ABSTRACT
Objective
Effectiveness trials aim to increase the generalizability and public health impact of interventions. However, challenges associated with this design present threats to external and internal validity. This paper illustrates these challenges using data from a two-site randomized effectiveness trial, the Community Study of Outcome Monitoring for Emotional Disorders in Teens (COMET) and presents recommendations for future research.
Method
COMET was a randomized effectiveness trial conducted in 19 community mental health clinics in two states comparing three interventions: treatment as usual (TAU), TAU with measurement-based care (TAU+), and the Unified Protocol forTransdiagnostic Treatment of Emotional Disorders in Adolescents with MBC (UPA). Participants included 176 clinicians (mean age = 35.5; 85.8% cisgender female; 53.0% racially and/or ethnically minorized) and 196 adolescents (mean age = 14.7; 65.3% cisgender female; 69.4% racially and/or ethnically minorized). Analyses outlined participant flow from recruitment to study completion, described participant characteristics, and examined site differences.
Results
Analysis of participant flow suggested that recruitment and retention of clinicians and adolescents was challenging, raising questions about whether participants were representative of participating clinics. Both the clinician and adolescent samples were racially and ethnically diverse and adolescents were low income and clinically complex.
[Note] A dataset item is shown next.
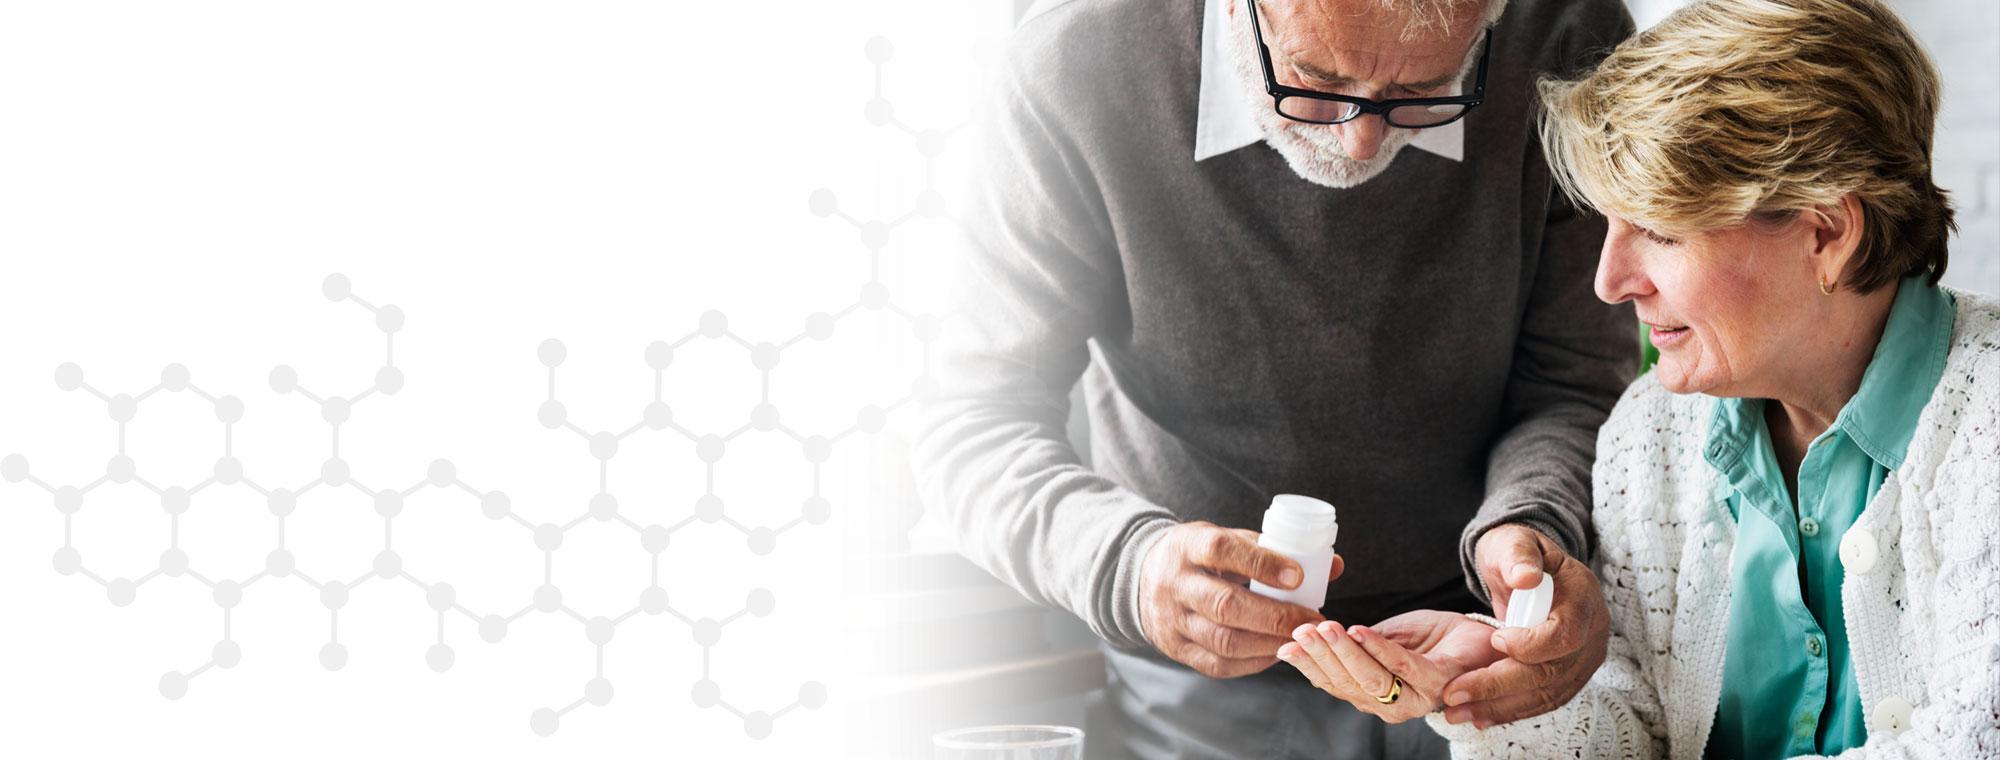 Canadian International Pharmacy Associaton

Significant site differences were observed in clinician and adolescent characteristics.
Conclusions
While this study was successful in recruiting a diverse and historically under-represented sample, difficulties in recruitment and retention raise questions about external validity and site differences present challenges to internal validity of study findings. Suggestions for future effectiveness studies, drawing from implementation science approaches, are discussed.
Disclosure Statement
Dr. Ginsburg receives funding from the National Institute of Mental Health (NIMH) and the US Department of Education, Institute for Education Sciences (IES), and serves as a consultant for the National Association of School Nurses. Dr. Ehrenreich-May receives funding from Patient-Centered Outcomes Research Institute (PCORI), the Children’s Trust, NIMH, IES, Henry Jackson Foundation, and the Batchelor Foundation. Dr. Ehrenreich-May makes a royalty from the sales of the Unified Protocols for Transdiagnostic Treatment of Emotional Disorders in Children and Adolescents, as well as a profit from some clinical training, consultation and implementation support services related to these published materials. Dr. Rosenfield received funding from NIMH, the National Cancer Institute, the National Institute on Drug Abuse, and PCORI. Dr. Jensen-Doss receives funding from NIMH. No other potential conflict of interest was reported by the author(s).